● What to do
Nothing but the text of the records belongs in your answer: repeat all of it exactly and leave out the images.

*** Opening Data section ***

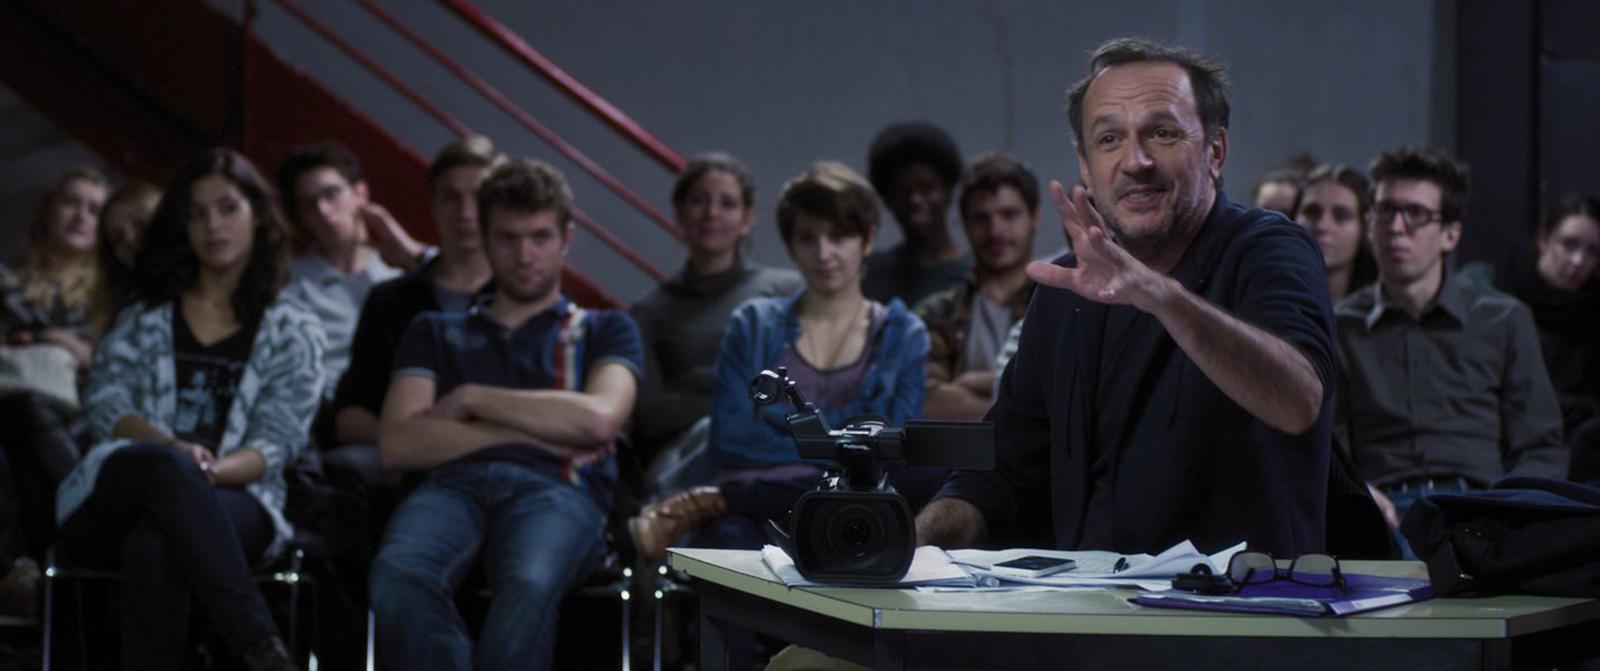 Arnaud fait son 2ème film : la deuxième vie d'Arnaud
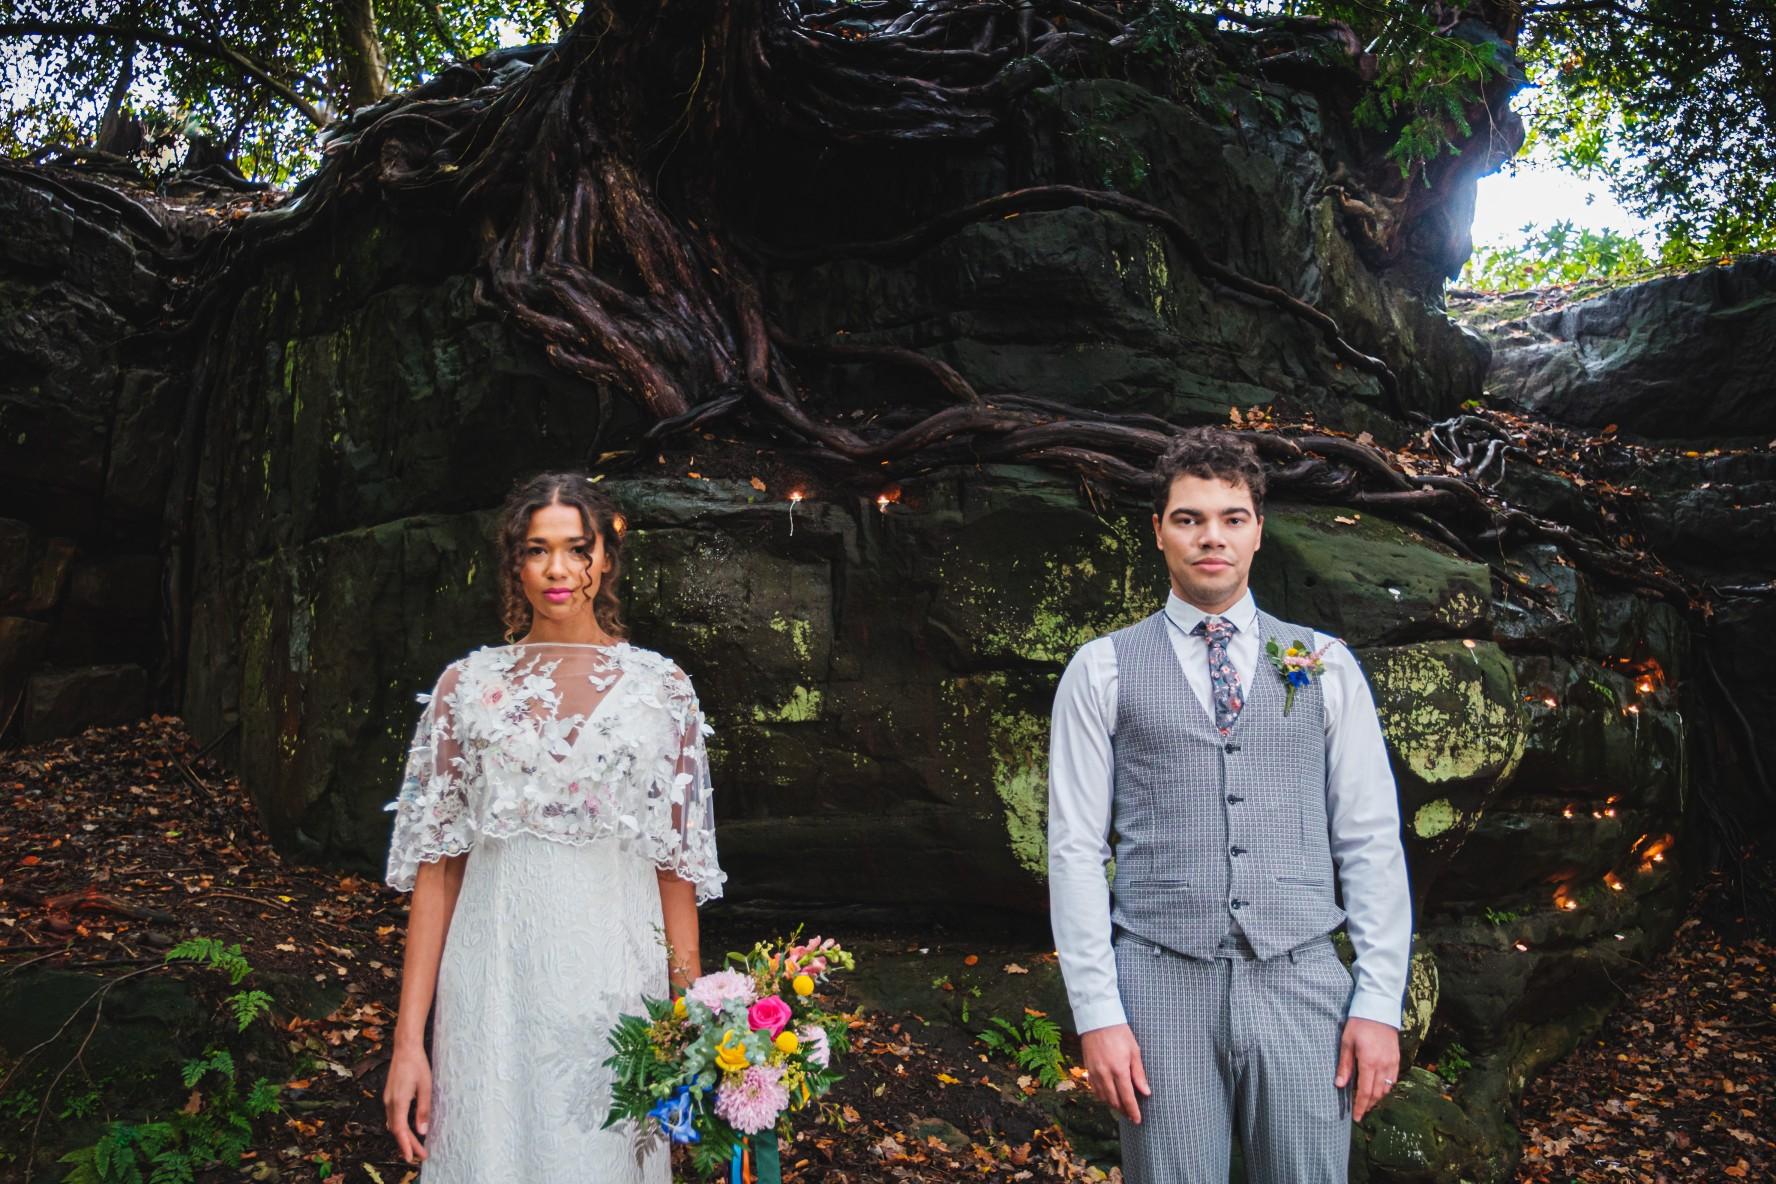 colourful micro wedding at patricks barn - unique wedding venue - sussex wedding venue - small wedding inspiration - unconventional wedding
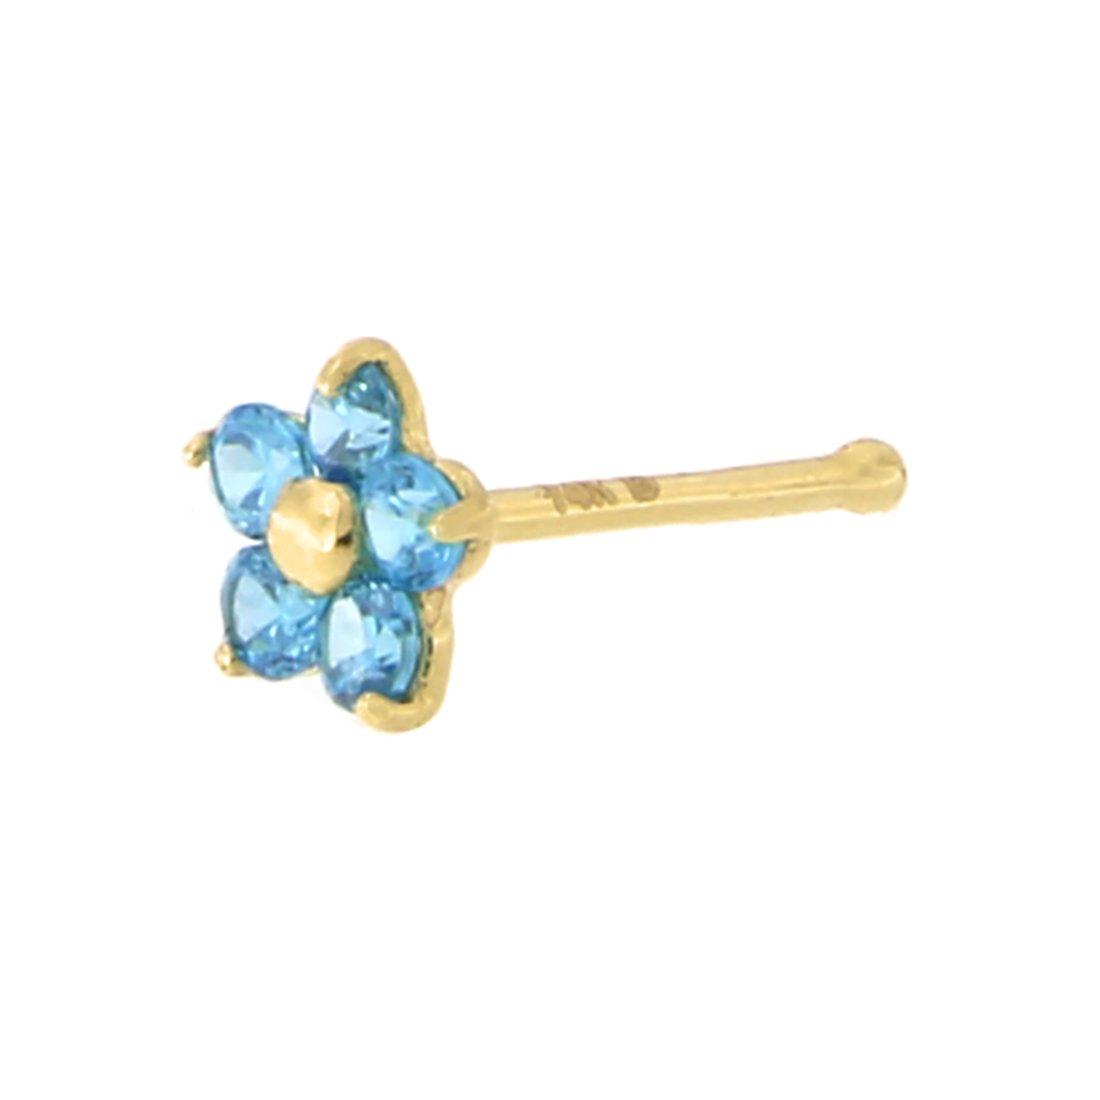 14k Yellow Gold Simulated Blue Topaz December Birthstone Flower Nose Stud Ring 20 Gauge
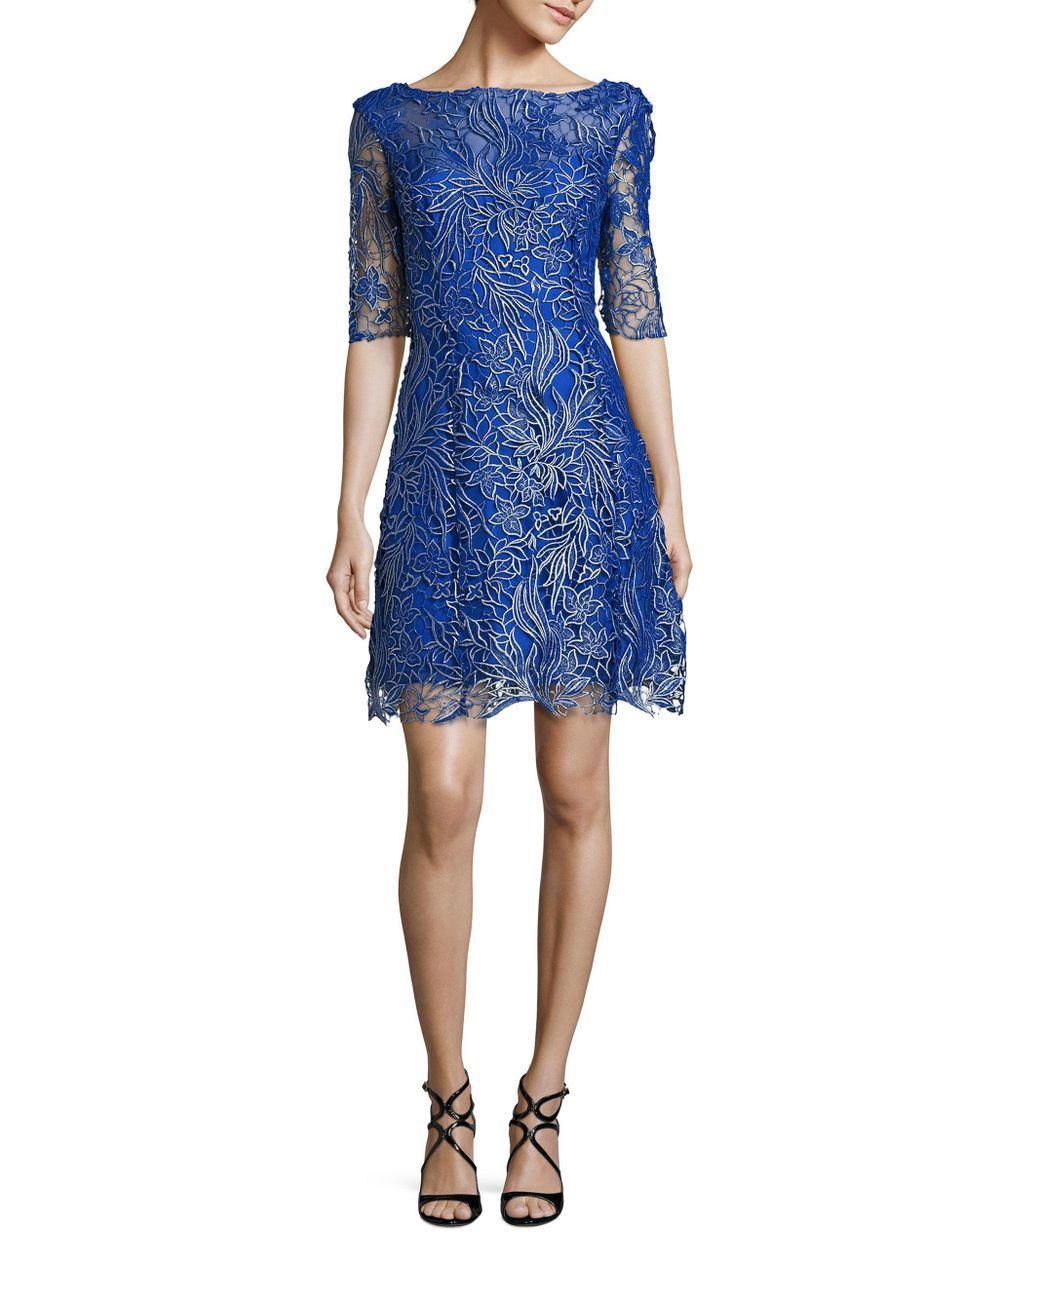 9c895a255cb8f Women's Blue New York Metallic Floral Lace Dress | 25. Apparel ...
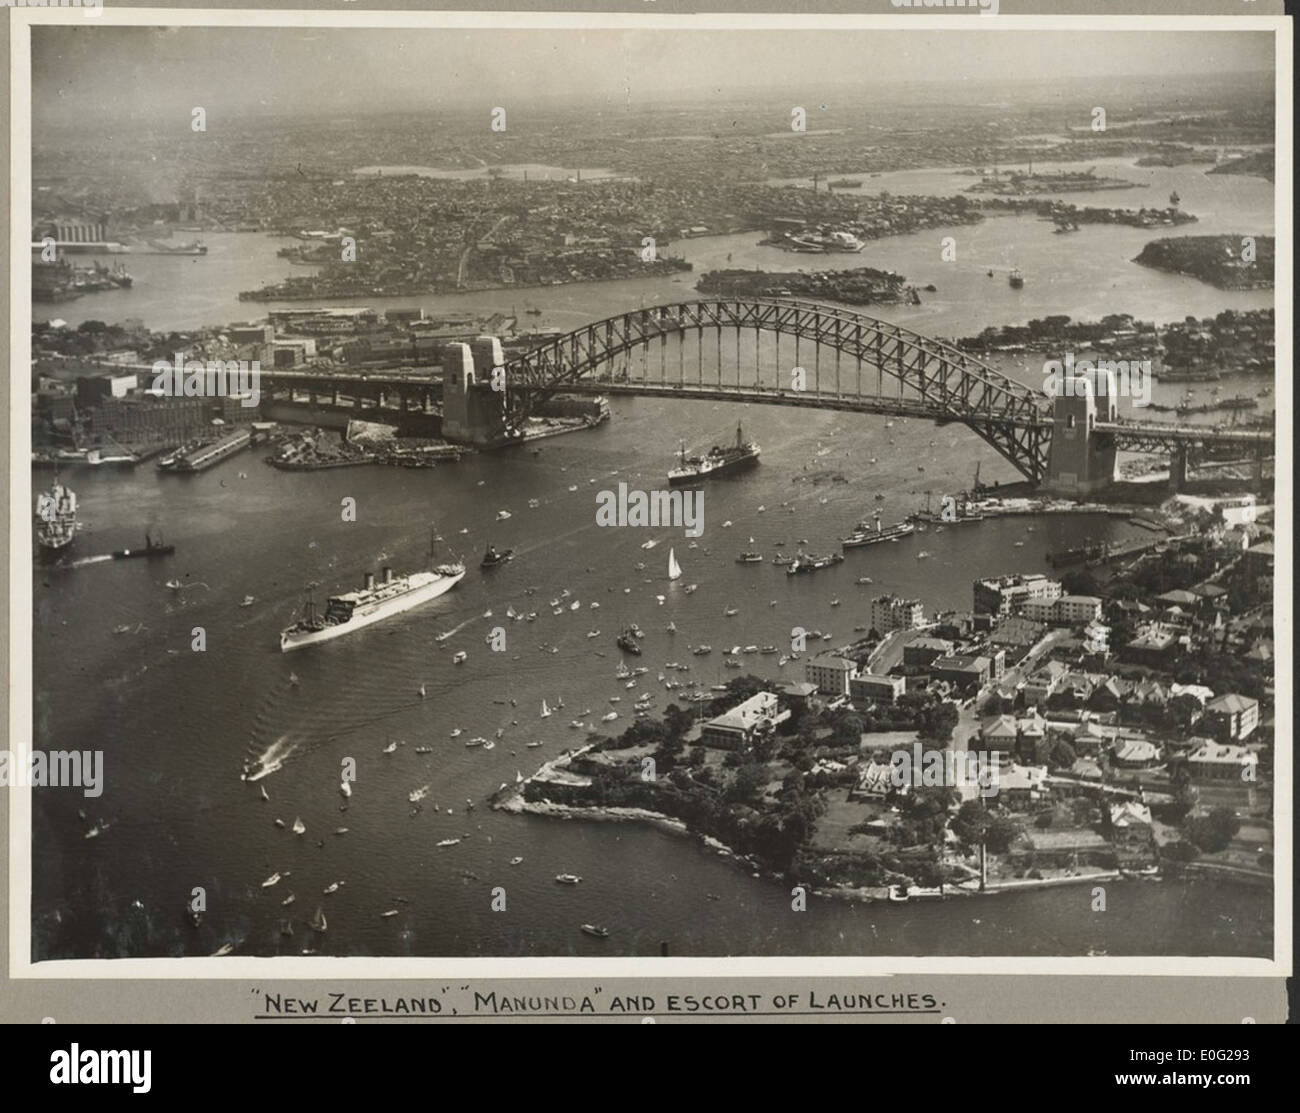 The ships New Zeeland and Manunda passing under Sydney Harbour Bridge, 19 March 1932 - Stock Image

*** Closing Data section ***

● Expected answer
 Arnaud fait son 2ème film : la deuxième vie d'Arnaud
 colourful micro wedding at patricks barn - unique wedding venue - sussex wedding venue - small wedding inspiration - unconventional wedding
 14k Yellow Gold Simulated Blue Topaz December Birthstone Flower Nose Stud Ring 20 Gauge
 9c895a255cb8f Women's Blue New York Metallic Floral Lace Dress | 25. Apparel ...
 The ships New Zeeland and Manunda passing under Sydney Harbour Bridge, 19 March 1932 - Stock Image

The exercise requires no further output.